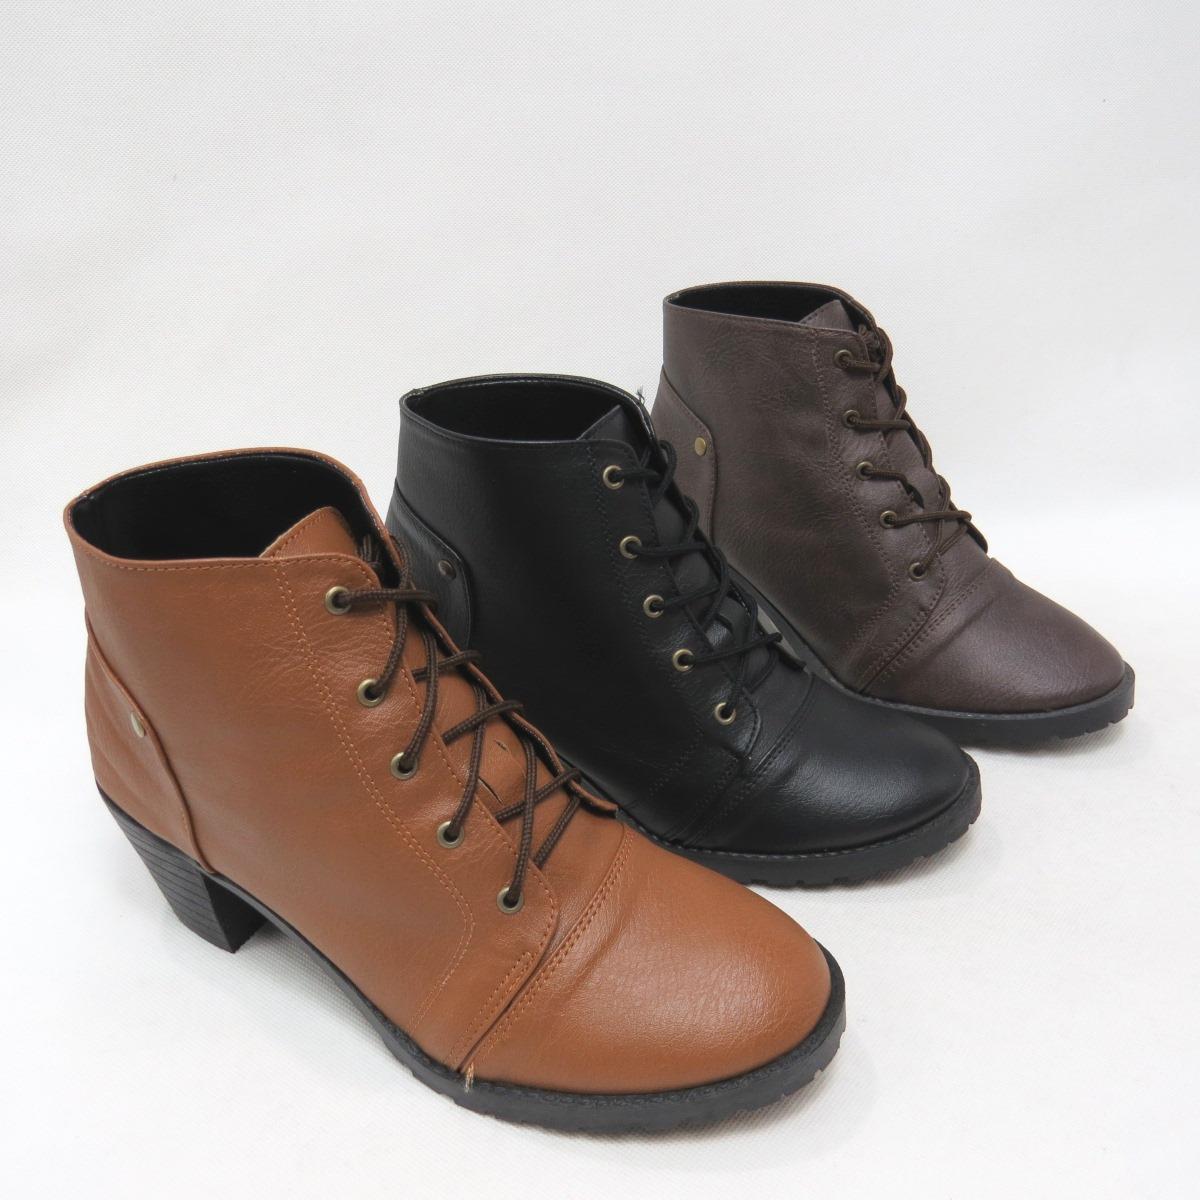 *免運*短靴 素面綁帶短粗跟踝靴15-6123(咖/黑/棕)*[彩虹屋]* 現+預
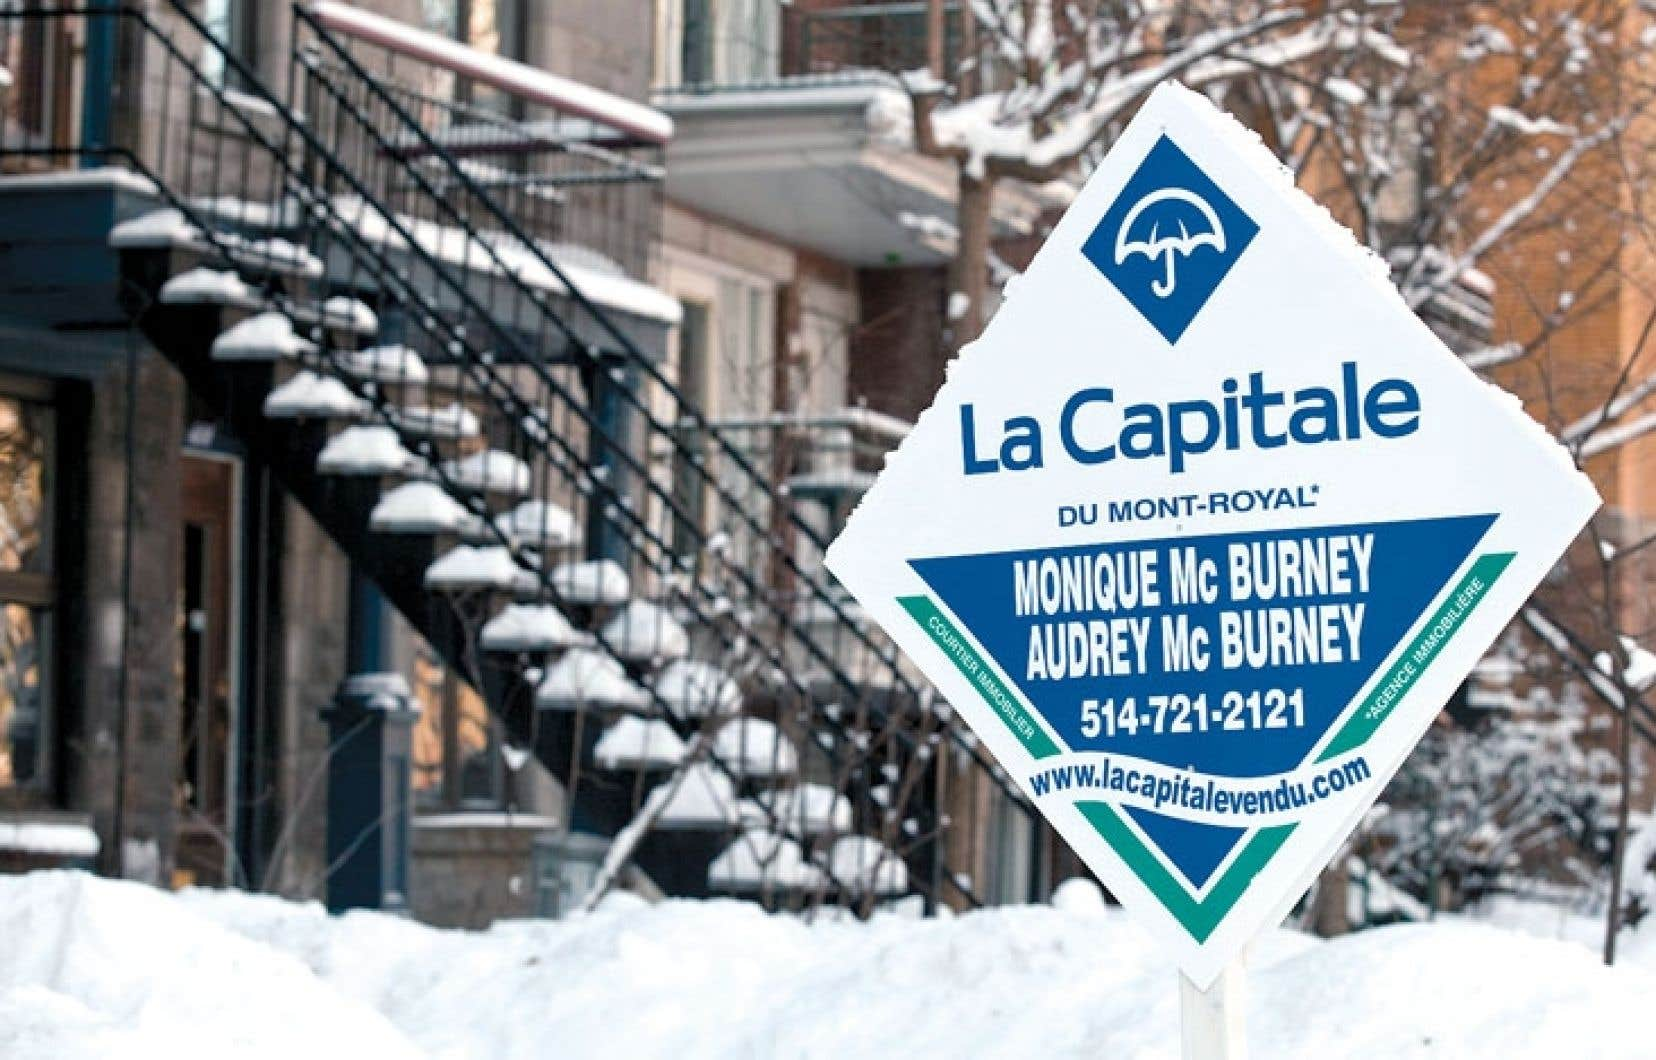 Le ministre fédéral des Finances, Jim Flaherty, a resserré en juillet les règles sur les prêts hypothécaires pour une quatrième fois en autant d'années, dans le but de décourager les acheteurs potentiels qui risquent de plus de se retrouver en situation de surendettement.
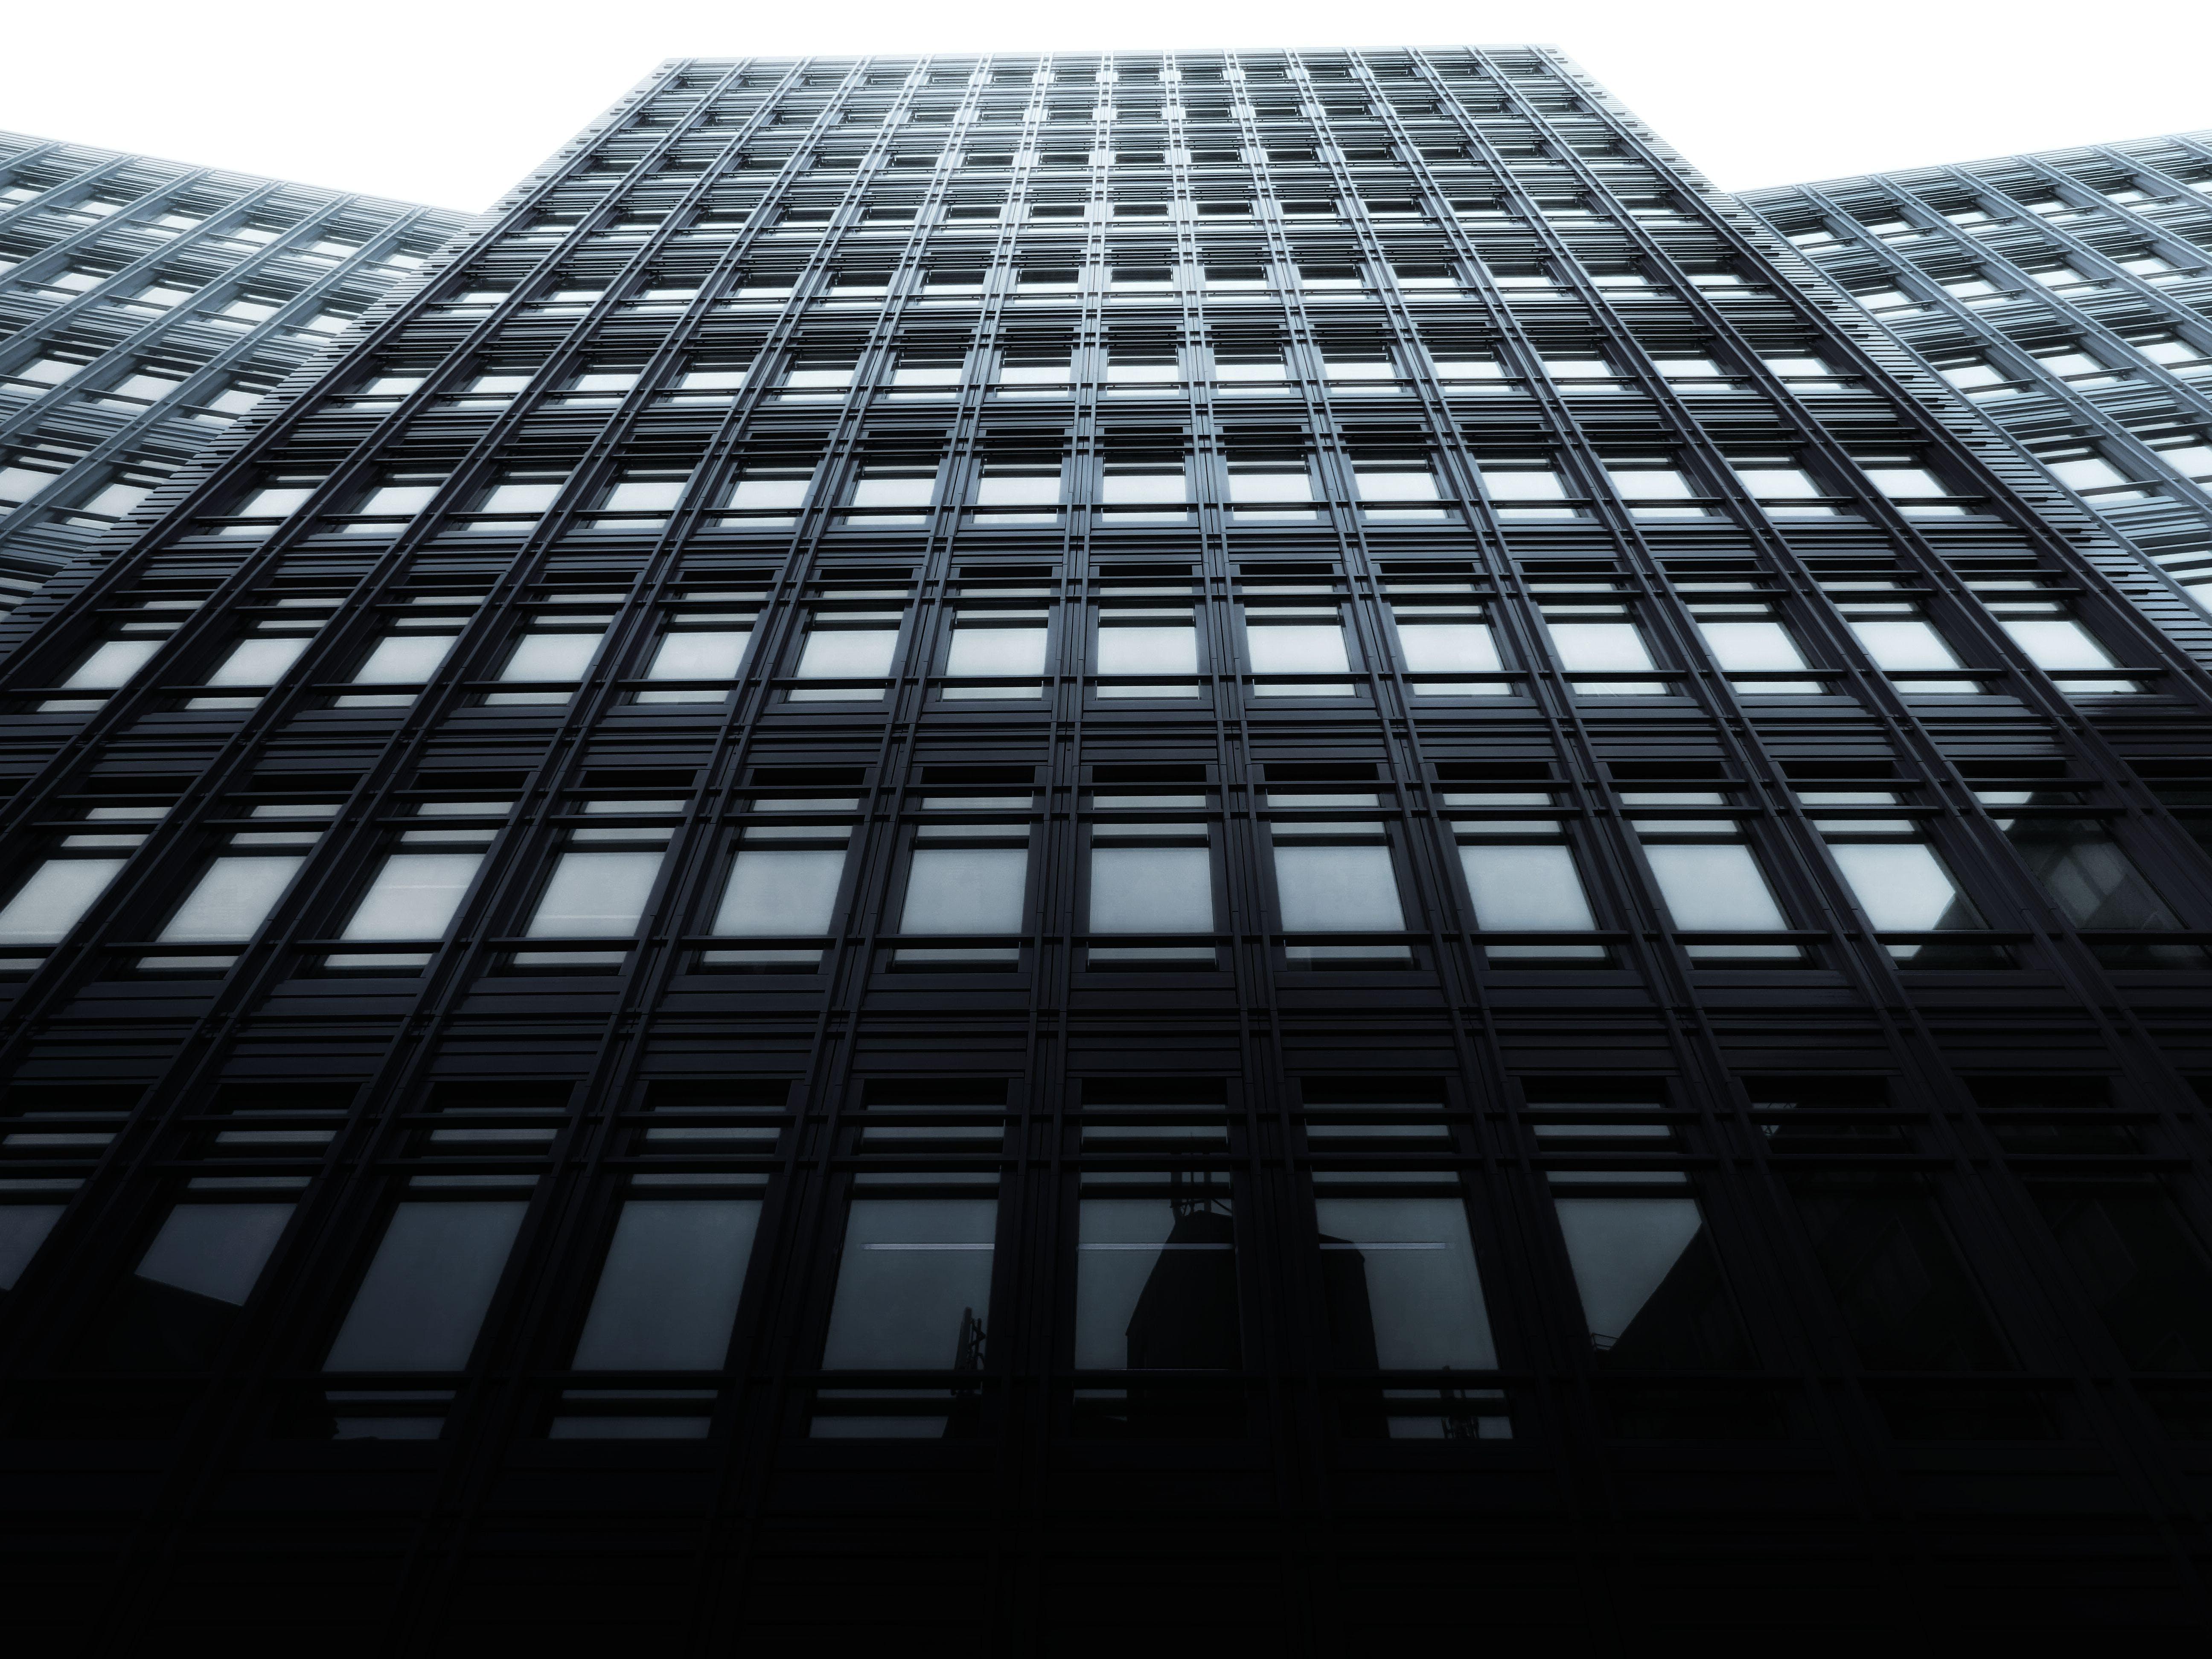 Kostenloses Stock Foto zu architektur, architekturdesign, aufnahme von unten, bau

────────────────────

Aim of the task.
Output the line containing "Le ministre fédéral" and each line after it, through the end of the material, exactly as given. No pictures belong in the output.

Your response.
 Le ministre fédéral des Finances, Jim Flaherty, a resserré en juillet les règles sur les prêts hypothécaires pour une quatrième fois en autant d'années, dans le but de décourager les acheteurs potentiels qui risquent de plus de se retrouver en situation de surendettement.
 Kostenloses Stock Foto zu architektur, architekturdesign, aufnahme von unten, bau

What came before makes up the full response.